On Behalf of the Board of Directors, Aidan Mills President & CEO, Director
Cautionary Statement on Forward-Looking Information
This press release may contain forward–looking information within the meaning of applicable securities legislation, which forward–looking information reflects the Company's current expectations regarding future events. Forward-looking statements are often identified by the words "may", "would", "could", "should", "will", "intend", "plan", "anticipate", "believe", "estimate", "expect" or similar expressions. Forward-looking statements in this press release include statements concerning: CVW CleanTech closing the CVW CleanTech Financing; the closing of the Transaction; TSXV approval of the Transaction; the use of proceeds of the Transaction; the anticipated transformative impacts to Northstar as described herein; the expected transformative nature of the Transaction; the acceleration of business development that is anticipated from the Transaction; expansion plans; and the anticipated reduction in dependence on future capital raising activities. Such statements are subject to risks and uncertainties that may cause actual results, performance or developments to differ materially from those contained in the statements, including: risks related to factors beyond the control of the Company; inability of CVW CleanTech to close the CVW CleanTech Financing; inability to close the Transaction for any reason; and the risks and uncertainties which are more fully described under the heading "Risk Factors" in the Company's annual and quarterly management's discussion and analysis and other filings with the Canadian securities regulatory authorities under the Company's profile on SEDAR+. No assurance can be given that any of the events anticipated by the forward-looking statements will occur or, if they do occur, what benefits the Company will obtain from them. The Company does not undertake any obligation to update such forward–looking information whether because of new information, future events or otherwise, except as expressly required by applicable law.

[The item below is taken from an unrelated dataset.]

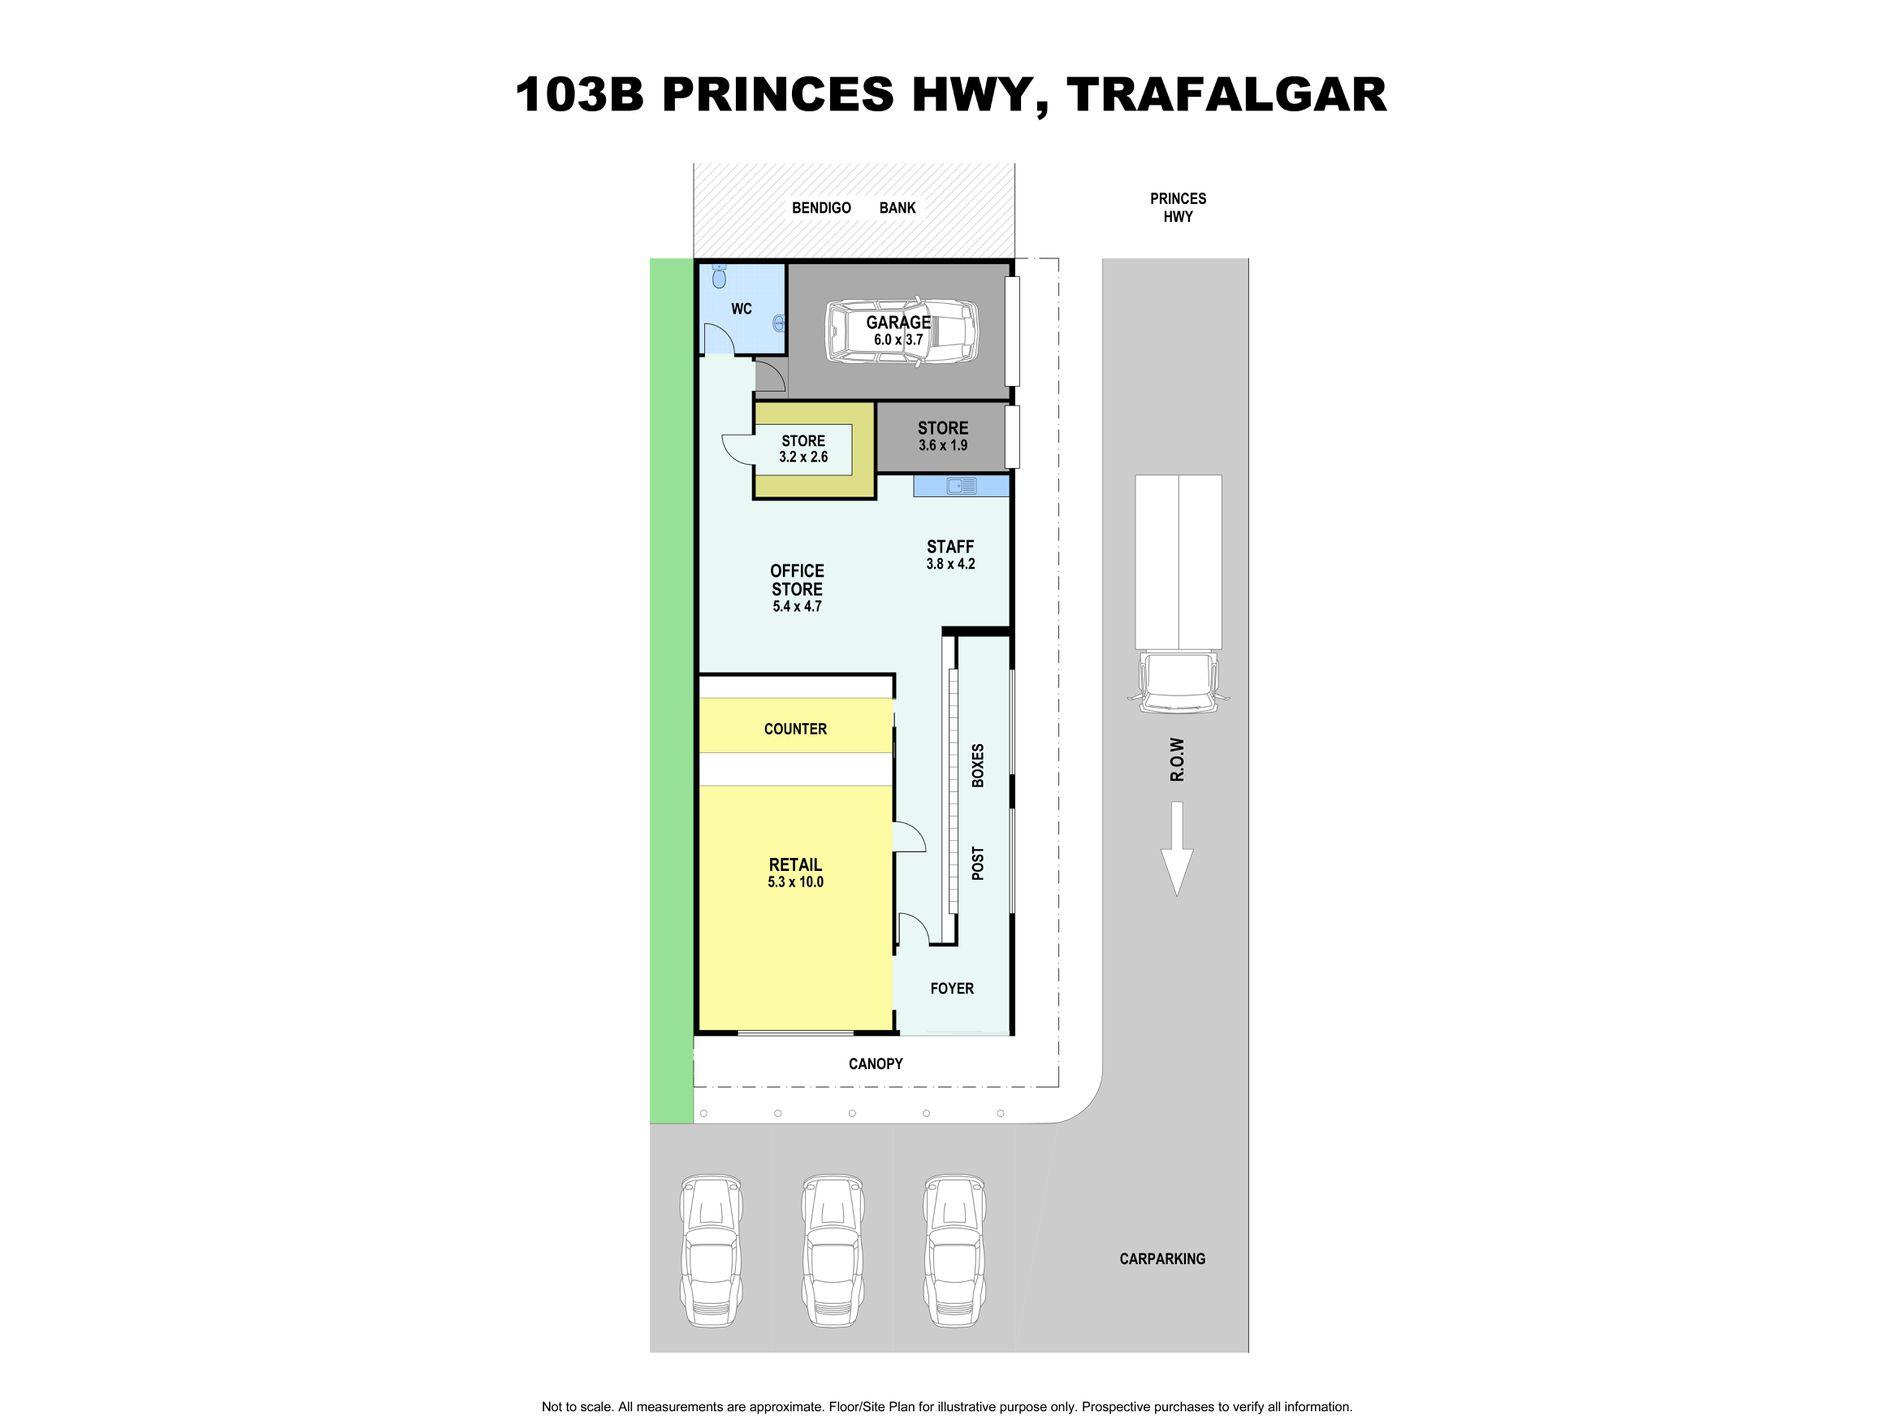 103B Princes Highway, Trafalgar
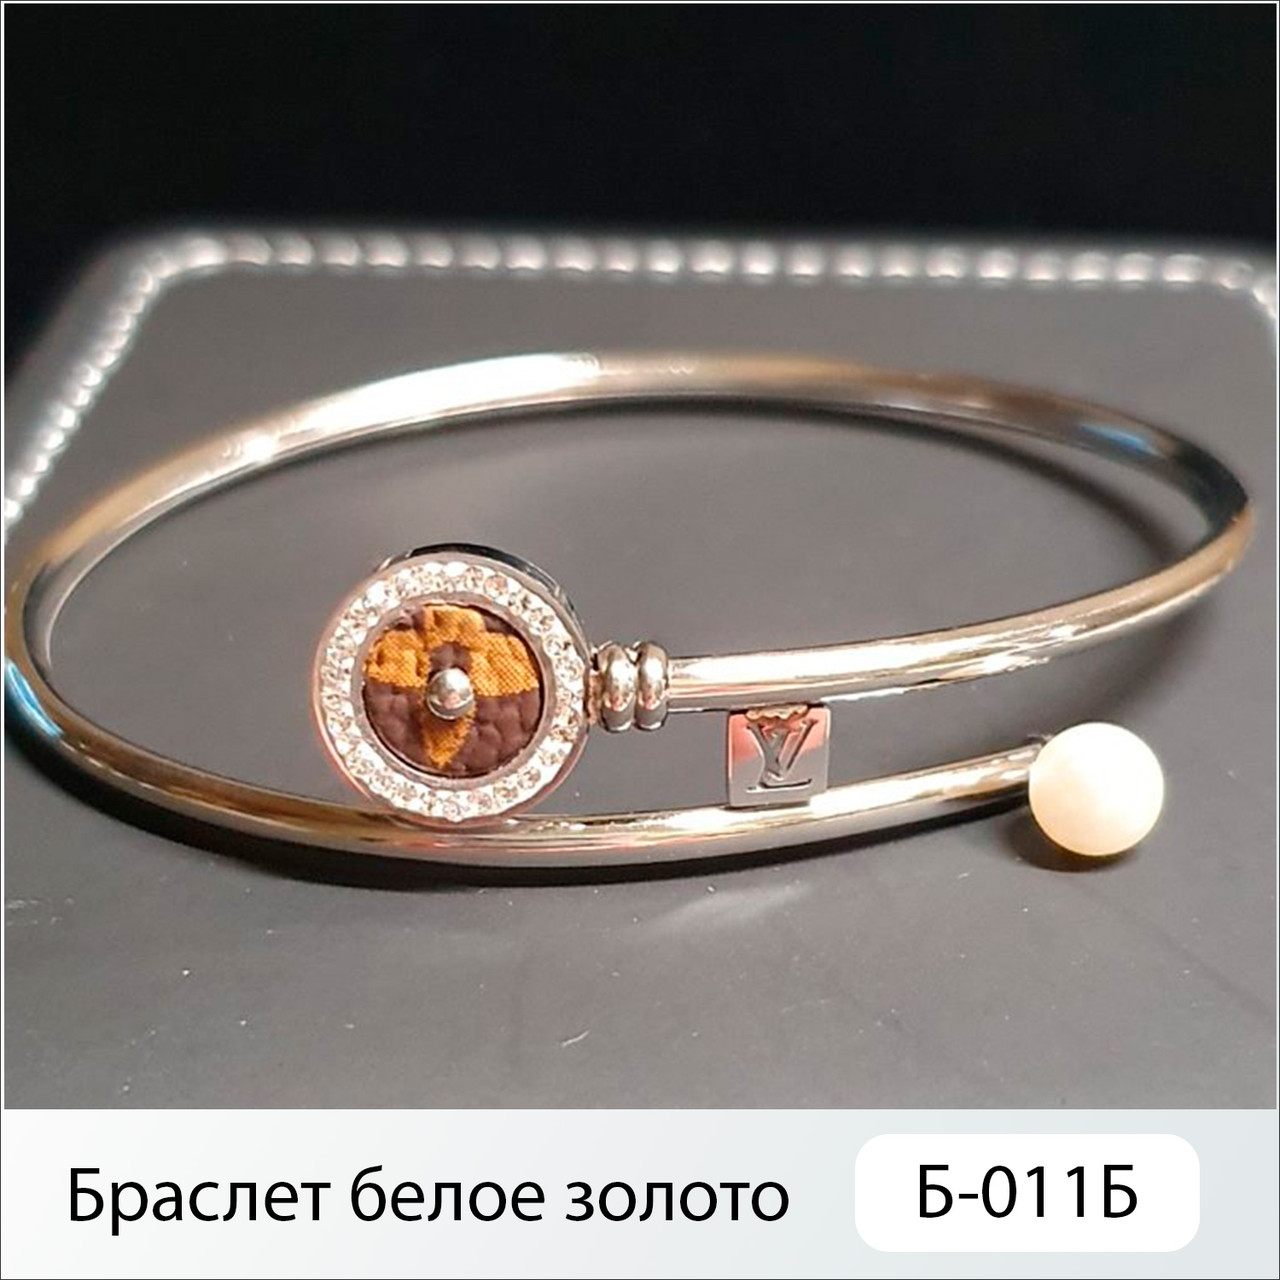 Браслет белое золото Б-011Б

Should one or more of these risks or uncertainties materialize, or should assumptions underlying the forward-looking statements prove incorrect, actual results may vary materially from those described herein as intended, planned, anticipated, believed, estimated or expected. Although the Company has attempted to identify important risks, uncertainties and factors which could cause actual results to differ materially, there may be others that cause results not to be as anticipated, estimated or intended and such changes could be material. The Company does not intend, and do not assume any obligation, to update the forward-looking statements except as otherwise required by applicable law.
Neither the TSXV nor its Regulation Services Provider (as that term is defined in the policies of the TSXV) accepts responsibility for the adequacy or accuracy of this release. The TSXV has neither approved nor disapproved the contents of this press release.